There are plenty of situations that are depressing for our kids, even if we do not count them as such. This phrase helps them to manage their disappointment and rescue them from feeling bad. Yes, it can be difficult (who can handle the despair of the canceled playdate?), however, be persistent and search for positive solutions together. For example, you can stay at home and bake something delicious or play games, organize a family movie night, and so on. 

You get better every single day

Why is this phrase great? Firstly, you don't compare your children to someone else, you compare them to them yesterday. And, they learn that there is always a possibility to grow, to improve and become better selves. 

Would you like a do-over?

This is a great phrase when you want to let them know that their behavior is unacceptable, however, you want to avoid scolding them. It works great in several ways:

  • It works well in both house and public places
  • You and your kid work together to reenact the moment - it is you as a team against the bad situation, and not you against your child

I love spending time with you

Show them your love and support. This phrase is a perfect tool for building strong emotional bonds.

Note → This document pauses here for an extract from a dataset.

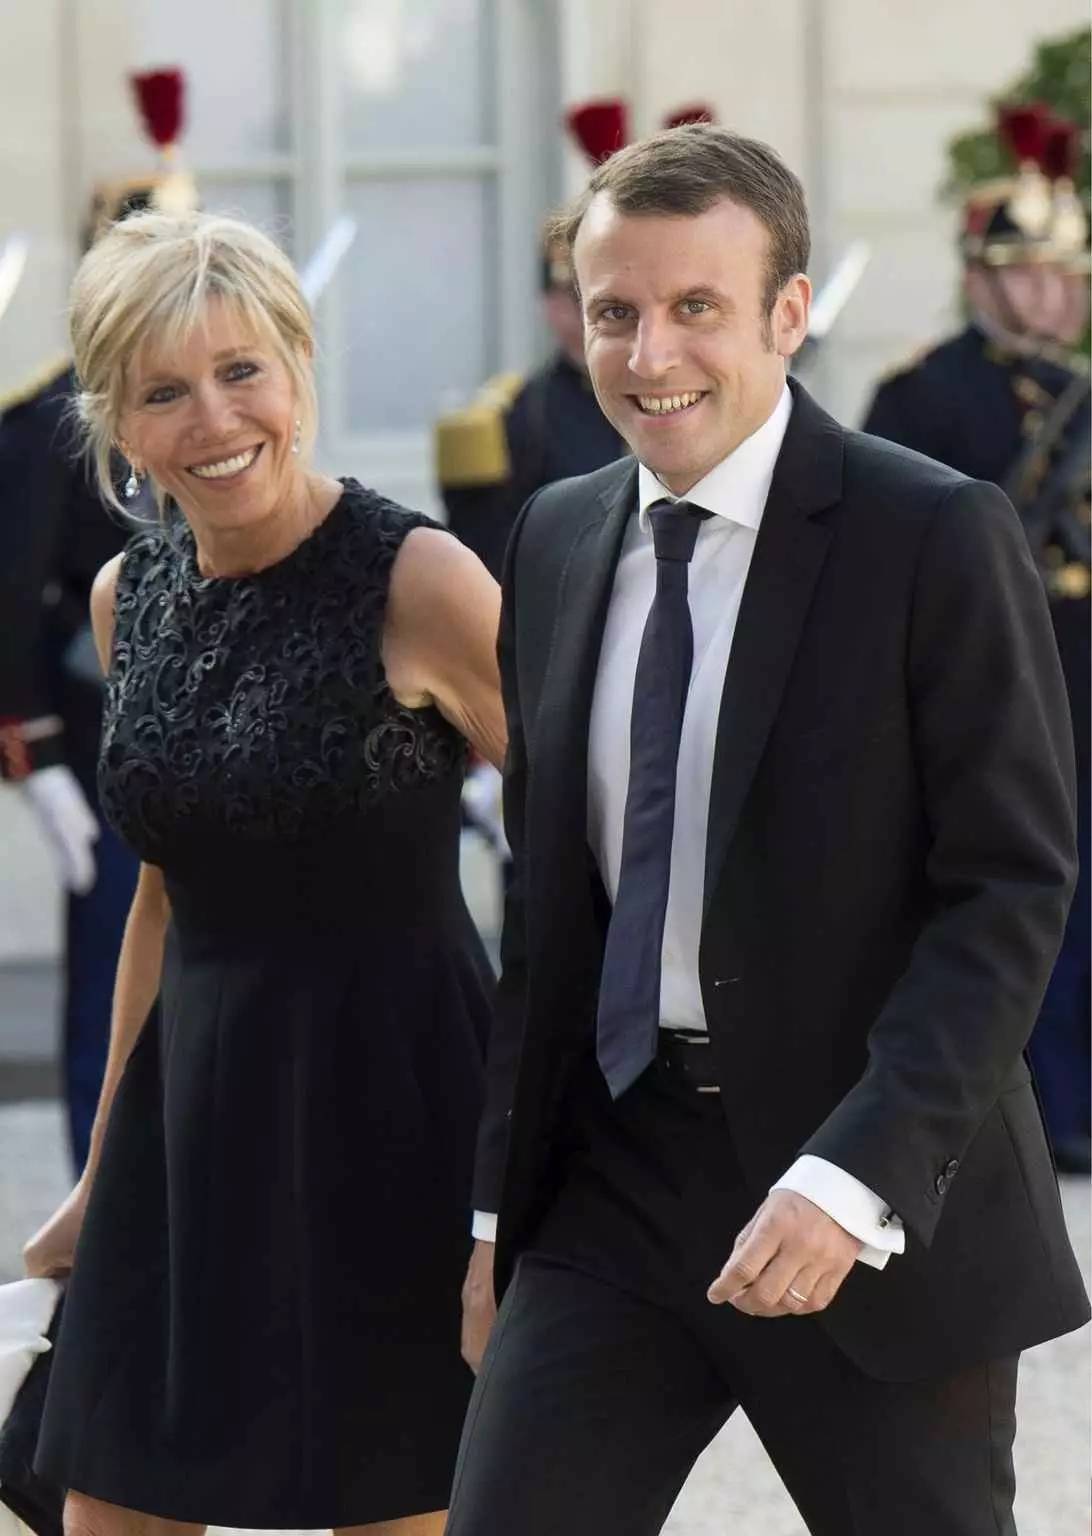 扒出来了!法国新总统夫人戴的是这枚手表!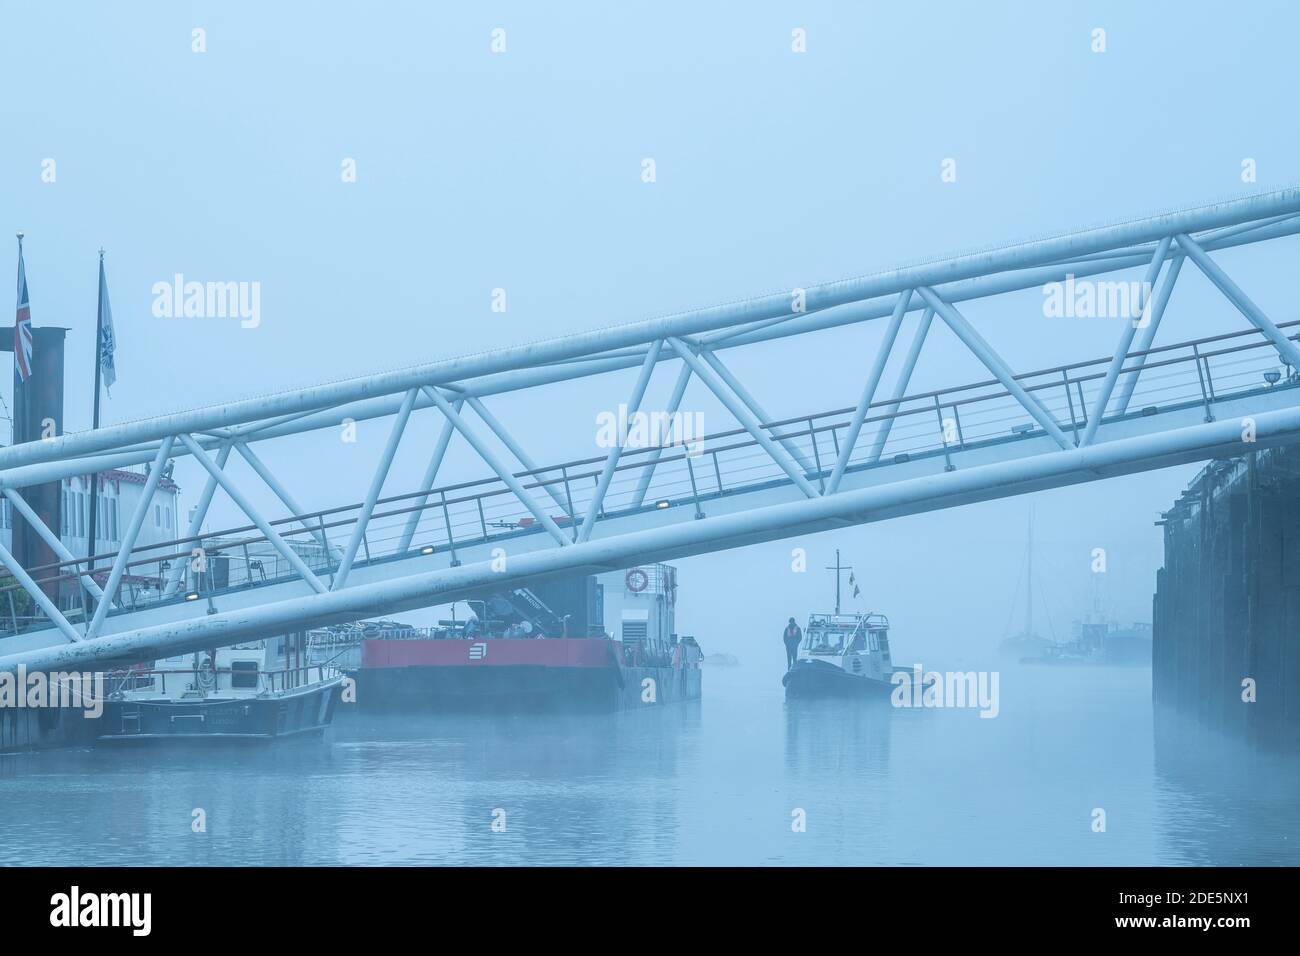 Bateau à Butlers Wharf Pier et River Thames dans un brouillard épais et brumeux, par temps brumeux et brumeux dans le centre de Londres pendant le confinement du coronavirus Covid-19, Angleterre, Royaume-Uni Banque D'Images

My day is incomplete without your hug!

And add a bear hug! Sometimes such actions speak louder than words. And your kids will feel that they are loved, guaranteed.


None of us, parents, are perfect. We yell, we are anxious, sometimes do not pay attention, or scold children who are sad and sorry already. However, it is in our power to be better and make our communication with children more positive.

Try using these phrases and you will see the difference (we tried and it works!). And what are your favorite words for your little ones?